Opet nasıl 80 darbesinin yarattığı krizde işini bırakmak zorunda kalan bir öğretmenin başarı ürünüyse Koton da Körfez krizinin meyvesi... Burada da yine bir öğretmen ve asker eşi var. Gülden Yılmaz ve Yılmaz Yılmaz. Yaz tatilinde bir giyim mağazası açıyorlar. İşler iyi gidiyor, Gülden Yılmaz kendi işini bırakıp tüm enerjisini mağazaya veriyor. O sırada dünyada gündemin başaktörü Körfez krizi. Türkiye de krizden nasibini almış. Ekonomi kötü, şirketler sıkıntıda. Tekstil fabrikaları bir bir batıyor. İflas edenlerin mallarını almak Gülden Yılmaz’a iyi bir seçenek olarak görünüyor. Ancak kriz derinleştikçe mal aldıkları yerler iyice azalıyor ve ürün sıkıntısı doğmaya başlıyor. Ürün yoksa satış da yok. Peki ne yapacaklar? Çift pes etmemeyi seçiyor, “Ürün yoksa biz üretiriz” deyip yola koyuluyorlar, Koton markasının temelleri atılıyor.
BÜTÜN GİRİŞİMCİLER FAKİR DEĞİL
Nef’in sahibi Erden Timur, şirketini 28 yaşında kurup 33’ünde Forbes’in ‘En Zengin 100 Türk’ listesine girmiş. Varlıklı bir ailesi, iyi bir eğitimi var. Ama hayali iş dünyası değil, politika.
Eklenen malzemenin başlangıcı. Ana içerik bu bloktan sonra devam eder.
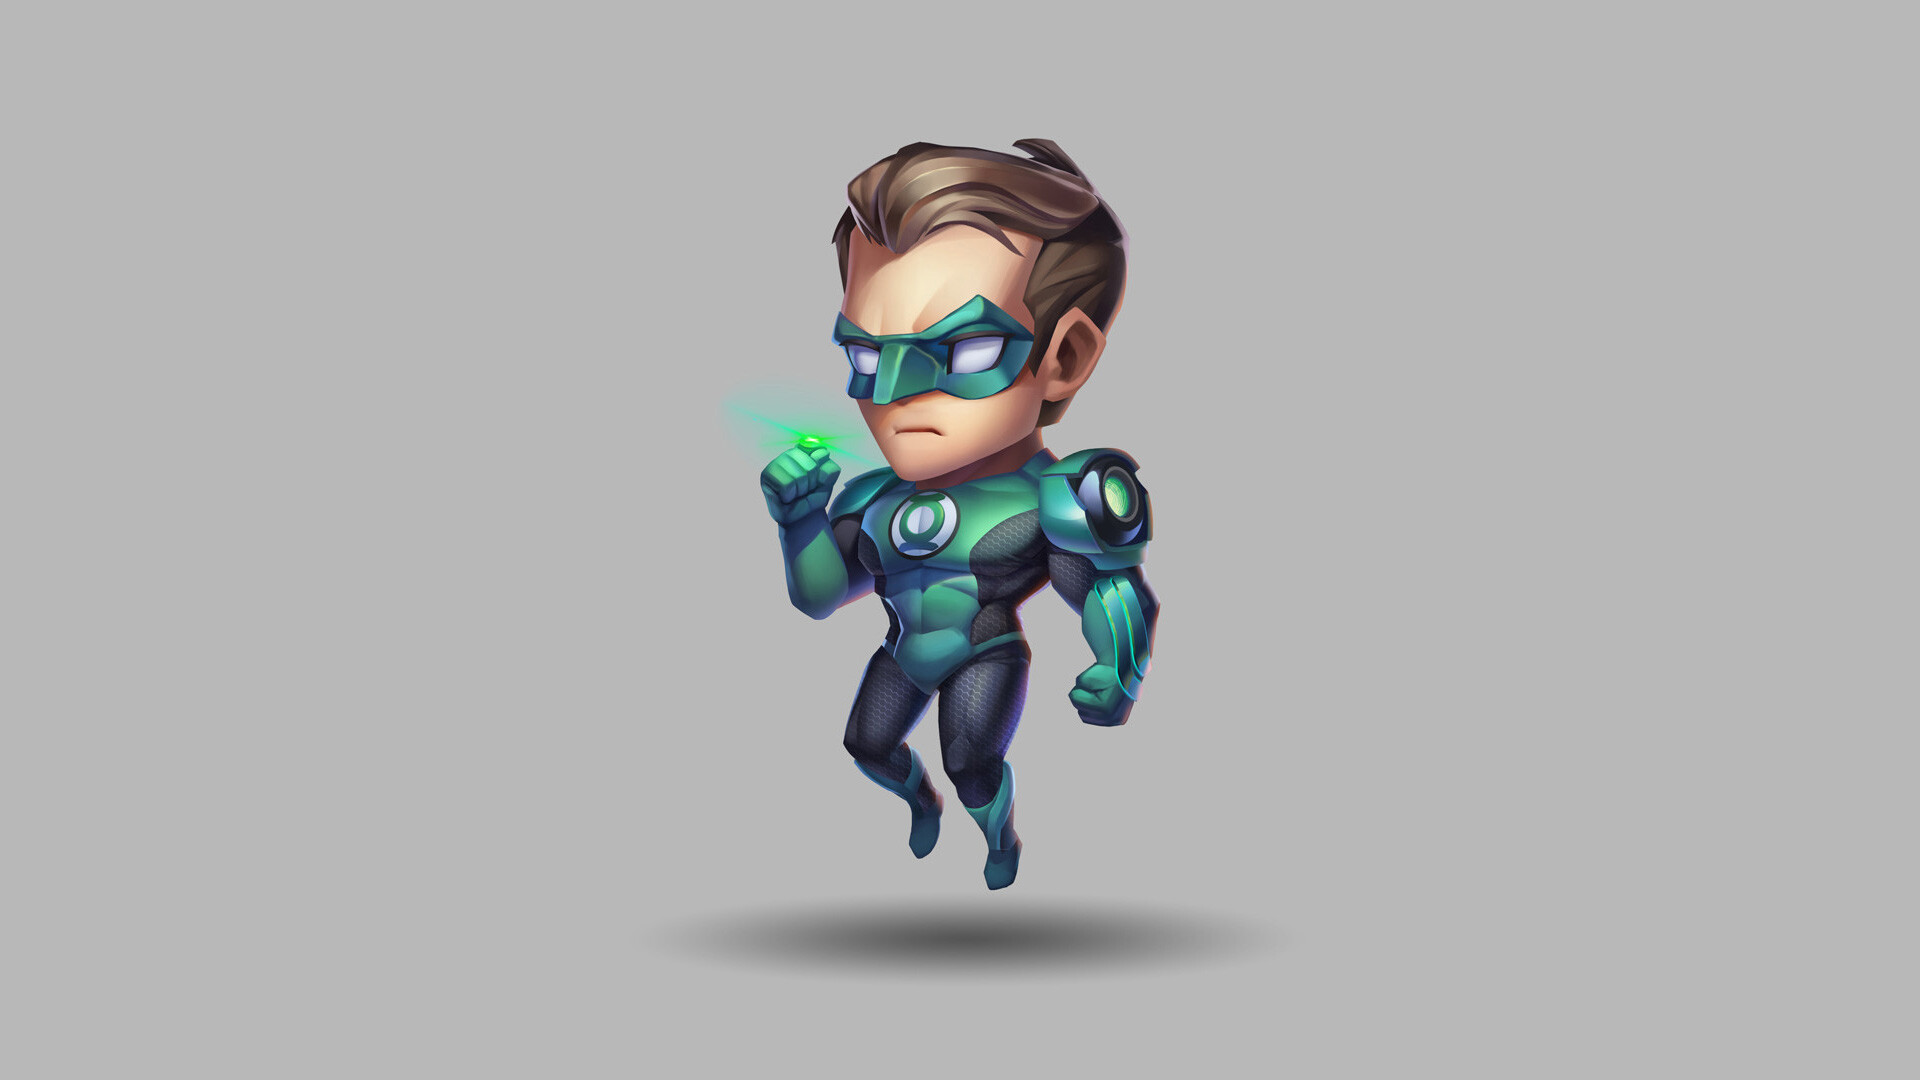 Green Lantern: An intergalactic peacekeeping force, The DC character. 1920x1080 Full HD Wallpaper.
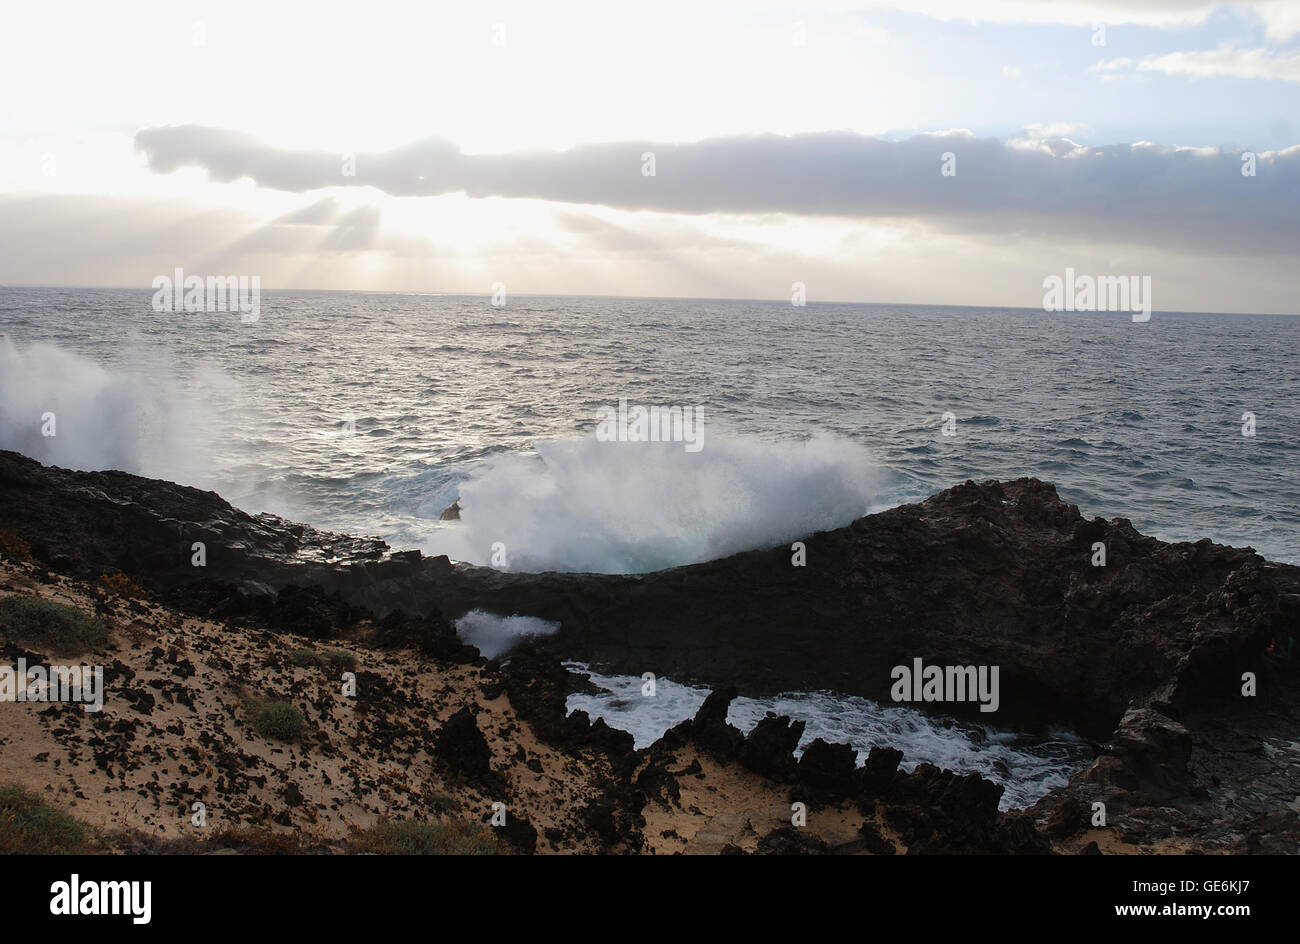 Wave and volcanic coast. Mala, Lanzarote island, Canary Islands, Spain. Stock Photo

Hukuk fakültesini bitirip politikacı mezunlarıyla tanınan London School of Economics’i seçiyor. Londra’daki okul arkadaşları, bir olay olduğunda “Dur senin sicilin bozulmasın, sen politikacı olacaksın” diye telkinde bulunuyor. O meşhur laftaki gibi, hayat siz gelecek için planlar yaparken başınıza gelenlerdir. Baba Musa Timur kalp rahatsızlığı geçirince Erden Timur, Mersin’e dönüyor. İşler yoluna girince Londra’ya gidecek. O dönem Musa Timur müteahhitlere arsa veriyor, inşaat işinde değil. Müteahhitlerden biri inşaatı bitiremeyince projeyi Erden Timur alıyor. 22 yaşında Mersin’de ilk inşaatına başlıyor. Başlayış o başlayış…
Sosyal Yayınları’ndan çıkan kitapta Ahmet Nazif Zorlu, Sadettin Saran, Erden Timur, Hamdi Akın ile Fikret ve Nurten Öztürk, Gülden ve Yılmaz Yılmaz çiftlerinin hikâyeleri var.